- **Task directions**
Please copy the lines below, exactly as they are, from the one with "The Walking Dead 29 Lines We Cross review" through the one with "Shower Seat with Backrest", and leave out the pictures.

- **Data**
● ● ●
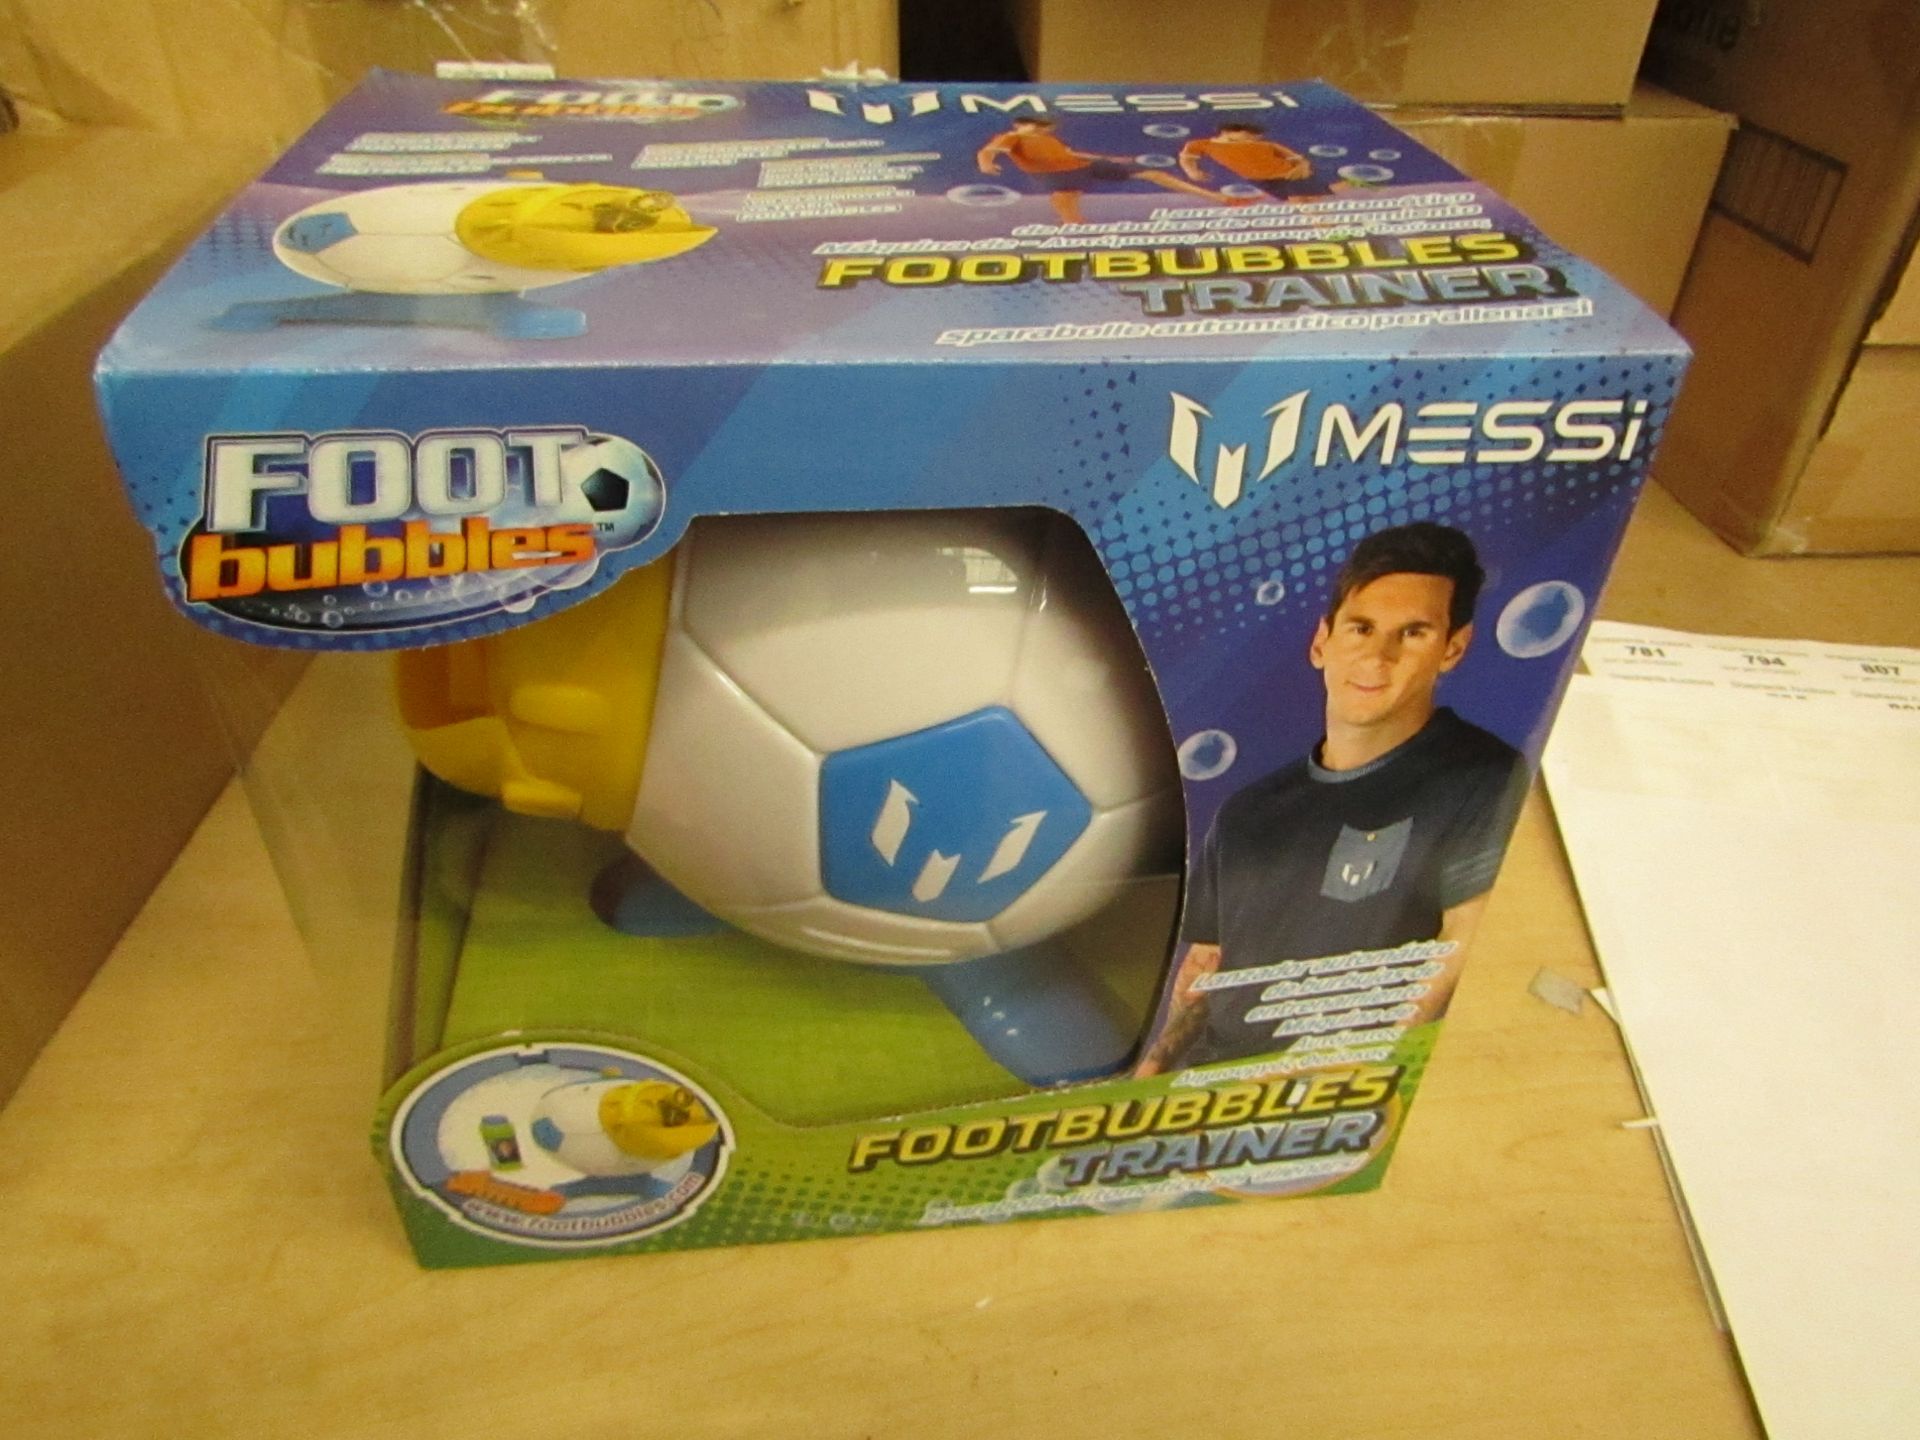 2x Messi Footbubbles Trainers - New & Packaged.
● ● ●
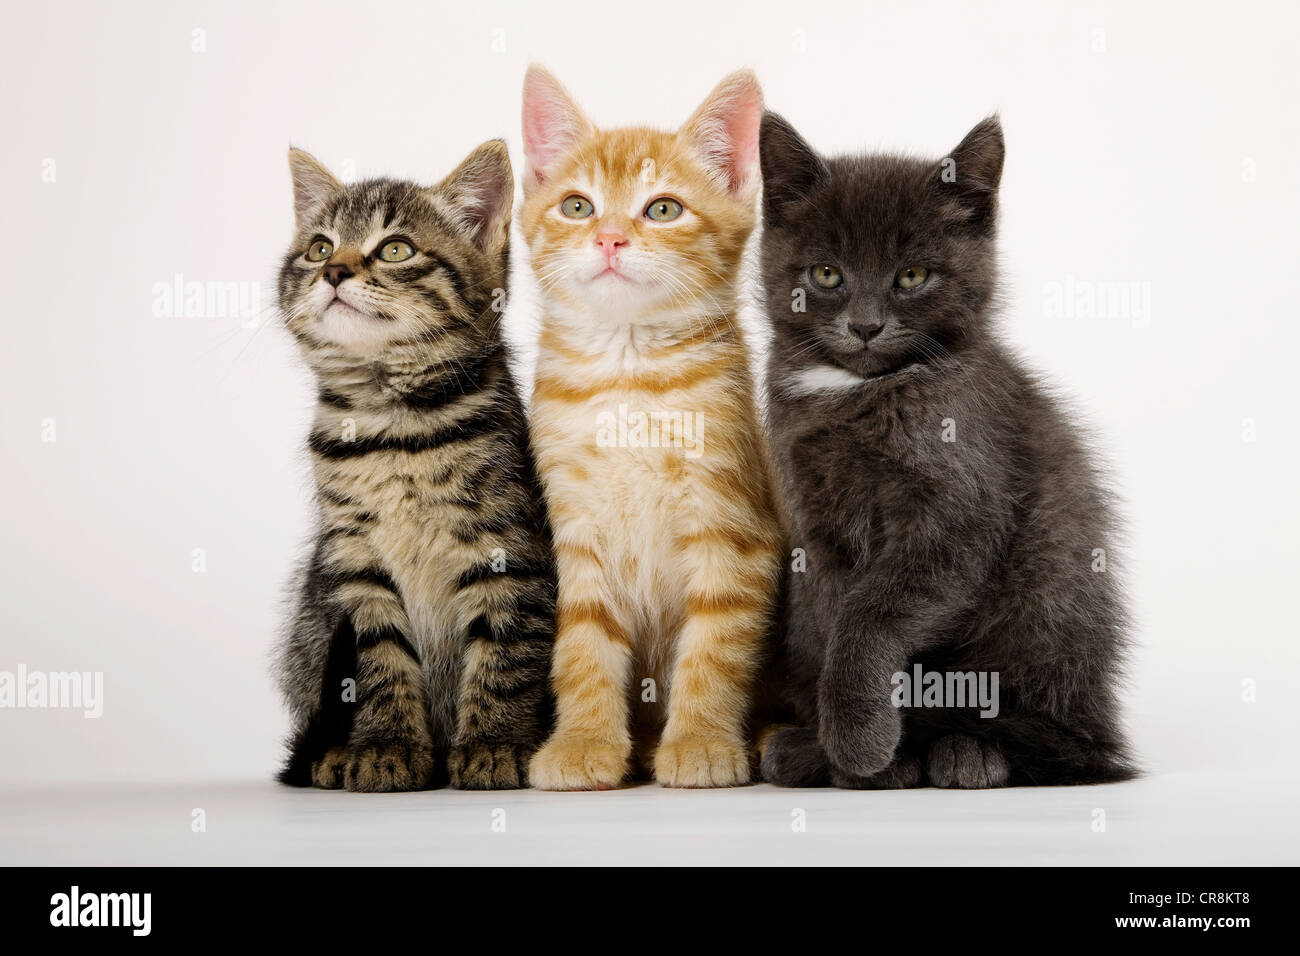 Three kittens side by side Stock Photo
● ● ●
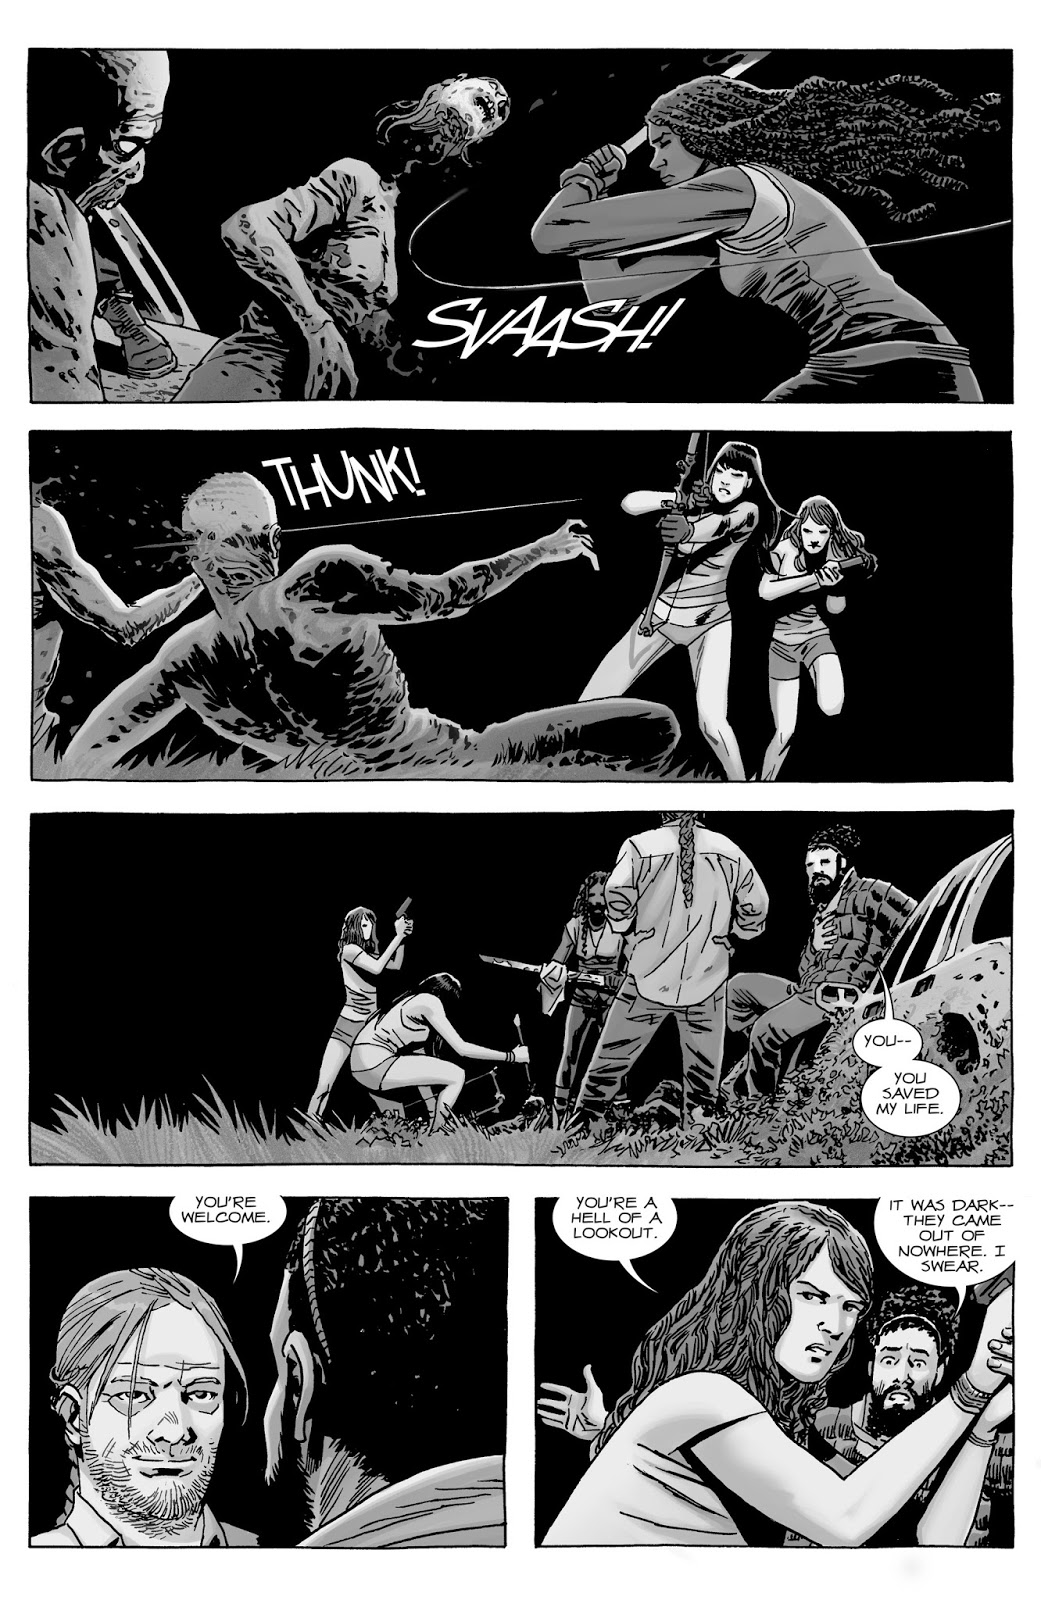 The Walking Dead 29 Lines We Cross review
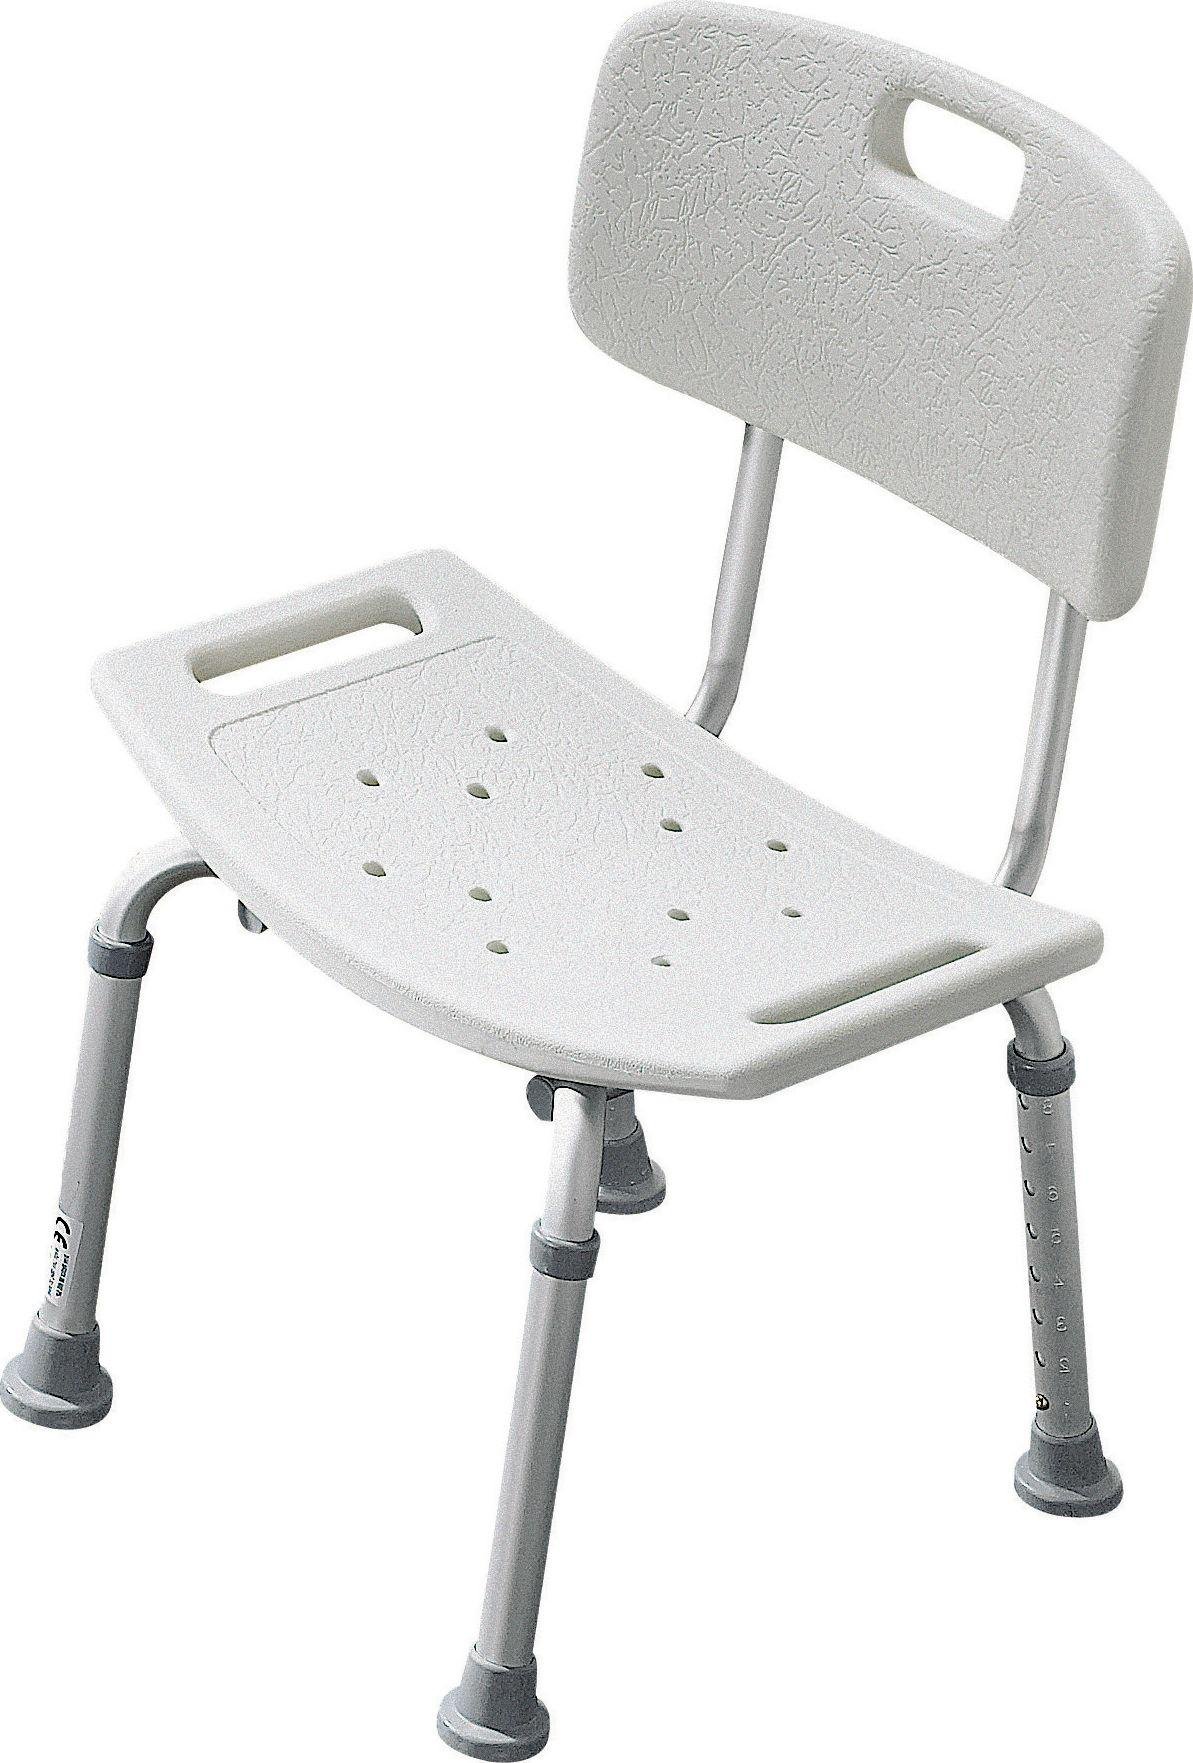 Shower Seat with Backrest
● ● ●
- **Your solution**
 The Walking Dead 29 Lines We Cross review
 Shower Seat with Backrest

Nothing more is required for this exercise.